### Task item
Your answer should be the lines from the start of the records through the line with "SAO, Vålerengen prestekontor", copied word for word.

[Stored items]
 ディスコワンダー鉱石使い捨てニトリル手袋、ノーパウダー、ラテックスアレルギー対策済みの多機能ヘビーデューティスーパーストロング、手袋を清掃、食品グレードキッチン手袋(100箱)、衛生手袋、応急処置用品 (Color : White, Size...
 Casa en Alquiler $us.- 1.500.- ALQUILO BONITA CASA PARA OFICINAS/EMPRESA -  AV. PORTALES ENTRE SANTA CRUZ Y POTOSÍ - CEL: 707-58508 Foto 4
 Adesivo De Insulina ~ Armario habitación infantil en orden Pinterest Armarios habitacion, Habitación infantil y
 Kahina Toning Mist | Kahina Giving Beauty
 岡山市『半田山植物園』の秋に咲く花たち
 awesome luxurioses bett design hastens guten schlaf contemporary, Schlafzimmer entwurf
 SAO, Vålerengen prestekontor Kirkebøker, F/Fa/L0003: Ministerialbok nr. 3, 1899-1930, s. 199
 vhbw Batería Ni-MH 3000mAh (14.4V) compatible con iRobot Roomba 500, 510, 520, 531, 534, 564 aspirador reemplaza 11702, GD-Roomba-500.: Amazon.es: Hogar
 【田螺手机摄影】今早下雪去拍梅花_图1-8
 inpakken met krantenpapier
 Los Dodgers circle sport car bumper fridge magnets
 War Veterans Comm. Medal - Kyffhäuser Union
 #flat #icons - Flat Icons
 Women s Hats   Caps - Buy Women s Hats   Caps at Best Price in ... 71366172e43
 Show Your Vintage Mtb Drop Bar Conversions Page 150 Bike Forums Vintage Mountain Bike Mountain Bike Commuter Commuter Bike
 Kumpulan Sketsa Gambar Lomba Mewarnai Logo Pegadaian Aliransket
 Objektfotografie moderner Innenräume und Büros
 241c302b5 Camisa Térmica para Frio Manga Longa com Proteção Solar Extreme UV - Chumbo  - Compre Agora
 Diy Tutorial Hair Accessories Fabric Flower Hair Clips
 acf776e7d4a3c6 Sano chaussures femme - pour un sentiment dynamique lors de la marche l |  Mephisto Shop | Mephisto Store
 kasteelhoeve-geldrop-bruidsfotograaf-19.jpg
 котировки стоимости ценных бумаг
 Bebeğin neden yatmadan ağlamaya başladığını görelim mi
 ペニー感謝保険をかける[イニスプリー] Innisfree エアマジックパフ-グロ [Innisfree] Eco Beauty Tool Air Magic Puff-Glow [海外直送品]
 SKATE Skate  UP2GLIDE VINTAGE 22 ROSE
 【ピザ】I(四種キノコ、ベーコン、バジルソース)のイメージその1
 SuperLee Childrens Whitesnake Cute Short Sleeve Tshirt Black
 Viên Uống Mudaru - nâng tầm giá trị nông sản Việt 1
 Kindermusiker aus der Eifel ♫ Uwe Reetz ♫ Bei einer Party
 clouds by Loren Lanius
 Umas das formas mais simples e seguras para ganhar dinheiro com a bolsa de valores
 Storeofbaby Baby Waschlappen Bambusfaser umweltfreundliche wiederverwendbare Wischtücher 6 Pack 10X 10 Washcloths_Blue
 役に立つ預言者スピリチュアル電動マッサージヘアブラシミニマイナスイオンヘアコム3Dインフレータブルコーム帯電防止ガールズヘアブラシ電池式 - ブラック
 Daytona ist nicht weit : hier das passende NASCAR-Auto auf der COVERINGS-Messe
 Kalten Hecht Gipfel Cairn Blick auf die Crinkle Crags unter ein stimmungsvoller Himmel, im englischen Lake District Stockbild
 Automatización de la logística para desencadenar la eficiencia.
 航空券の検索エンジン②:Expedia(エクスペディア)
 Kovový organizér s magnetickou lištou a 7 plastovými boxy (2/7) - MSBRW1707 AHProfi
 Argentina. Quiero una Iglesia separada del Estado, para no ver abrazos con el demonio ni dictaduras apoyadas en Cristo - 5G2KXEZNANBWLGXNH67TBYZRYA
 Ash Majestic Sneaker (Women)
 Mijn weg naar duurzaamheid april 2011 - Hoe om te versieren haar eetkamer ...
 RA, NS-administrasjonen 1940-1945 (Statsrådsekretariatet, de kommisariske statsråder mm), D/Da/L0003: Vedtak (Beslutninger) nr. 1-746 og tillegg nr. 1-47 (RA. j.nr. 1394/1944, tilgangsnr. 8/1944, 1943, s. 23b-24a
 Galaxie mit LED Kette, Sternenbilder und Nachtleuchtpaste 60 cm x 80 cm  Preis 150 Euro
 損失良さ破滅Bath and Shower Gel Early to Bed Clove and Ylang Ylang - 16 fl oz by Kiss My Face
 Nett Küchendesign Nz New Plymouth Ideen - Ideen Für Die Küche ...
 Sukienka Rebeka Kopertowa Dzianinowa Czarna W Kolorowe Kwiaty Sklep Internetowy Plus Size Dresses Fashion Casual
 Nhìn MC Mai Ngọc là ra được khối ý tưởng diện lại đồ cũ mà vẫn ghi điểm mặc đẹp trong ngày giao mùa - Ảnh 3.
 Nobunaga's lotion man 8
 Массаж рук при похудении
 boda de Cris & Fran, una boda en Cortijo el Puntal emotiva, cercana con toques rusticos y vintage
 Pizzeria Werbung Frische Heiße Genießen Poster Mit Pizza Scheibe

### Answer space
 ディスコワンダー鉱石使い捨てニトリル手袋、ノーパウダー、ラテックスアレルギー対策済みの多機能ヘビーデューティスーパーストロング、手袋を清掃、食品グレードキッチン手袋(100箱)、衛生手袋、応急処置用品 (Color : White, Size...
 Casa en Alquiler $us.- 1.500.- ALQUILO BONITA CASA PARA OFICINAS/EMPRESA -  AV. PORTALES ENTRE SANTA CRUZ Y POTOSÍ - CEL: 707-58508 Foto 4
 Adesivo De Insulina ~ Armario habitación infantil en orden Pinterest Armarios habitacion, Habitación infantil y
 Kahina Toning Mist | Kahina Giving Beauty
 岡山市『半田山植物園』の秋に咲く花たち
 awesome luxurioses bett design hastens guten schlaf contemporary, Schlafzimmer entwurf
 SAO, Vålerengen prestekontor Kirkebøker, F/Fa/L0003: Ministerialbok nr. 3, 1899-1930, s. 199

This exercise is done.